How well do I really listen? I know I listen to others, but I am not sure I do it very well.
Most of the time, my mind is racing on all the things I have yet to get done. If I happen to be in a conversation, my mind is usually racing with the next thing I want to say. When I do that, I just use the other person's words and ideas as a jumping point for my next idea or statement. Of course, that can be a good thing when we are working together to come up with ideas. I have been part of some really exciting 'brainstorming' that is marked by that kind of 'leapfrogging of ideas.'
However, I am concerned here with the way that I try to make my thoughts and ideas the only 'important' ones. It then becomes important that I am heard--that I am understood--and, usually, that I am agreed with.
I am learning, though, that it can be really good to just sit silently and listen. Occasionally, I will catch my impulse to speak and I will choose to remain silent instead. It has, more than once, opened up a wonderful silence into which the other person was able to enter and share their ideas.
But I still wonder if I am listening well.
I think that listening well makes us vulnerable. We are forced to recognize our own need to change. Sometimes it is our ideas that must change. Other times it is our behavior that needs to change. And still other times, it is our attitude toward that person that needs to change.
When we listen well, we hear the pain of the other person, and we identify with them in their pain. This is not an enjoyable experience. Our own pain is bad enough most of the time, how can we bear the pain of others? We can, and I believe that we must understand it as part of our vocation to do so.
One day I sat on my front porch and listened to the world around me. I listened to the loneliness of the widows I knew. I listened to the disappointment of a family down the street. I listened to the pain of a family who had lost their son when his car struck a telephone poll right down the street from my house. And (this may sound funny to you) I even listened to the pain of the squirrel that had recently been killed by a random car driving down the road.
In this very sensitive moment, I was able to identify with the pain of the world around me. It was heartbreaking, and really a little too much for me to handle. But in that moment, I realized what it meant to listen well.

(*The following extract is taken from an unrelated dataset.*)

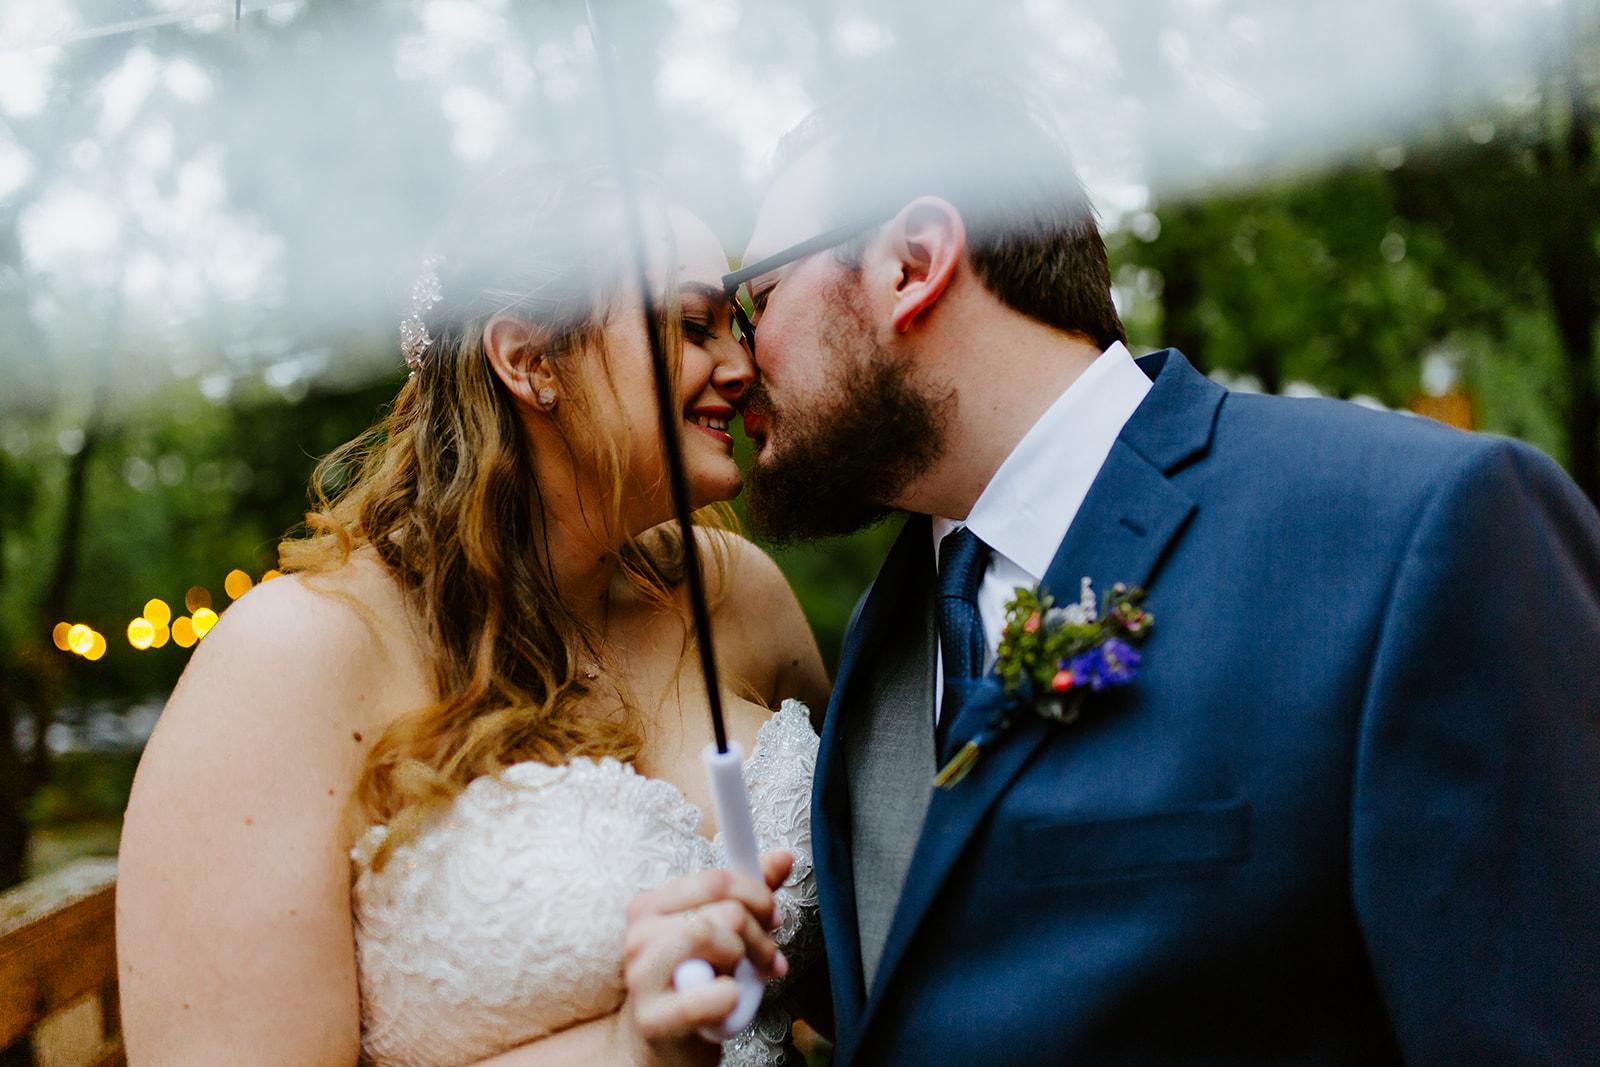 Kristin + Tommy - Wedding Photos - Sneak Peeks! - Meme Urbane Photography_-39_websize.jpg

To listen is to become attentive to the world around you; to its hurts, its hopes, its joys. And ultimately, it is to be attentive to God. It is to wait; to be still until 'the other' has spoken. To do this demands time. We must lay aside our pocket calendars and take off our watches. We must put off our agendas so that we can truly be present with 'the other'. Otherwise our attention is elsewhere, and that does not respect the person with whom we find ourselves.
I realize that we live in a culture that is ruled by schedules. We have clocks, watches, calendars, and secretaries (or computer calendar programs) to remind us where to go next. Whether these things make for a better life is debatable, but I think we need to reconsider our approach to life if we can never be present where we are because we are so preoccupied with where we 'have to be' next.
I hope to become a better listener. I hope to be more attentive to the pain and joy in the world around me. I hope to be the kind of person who is attentive to the voice of God. I hope to live beyond the tyranny of the schedule so I can truly be with my wife, my parents, my brothers, my sisters, my friends, and anyone else I am with. I hope I learn to listen well.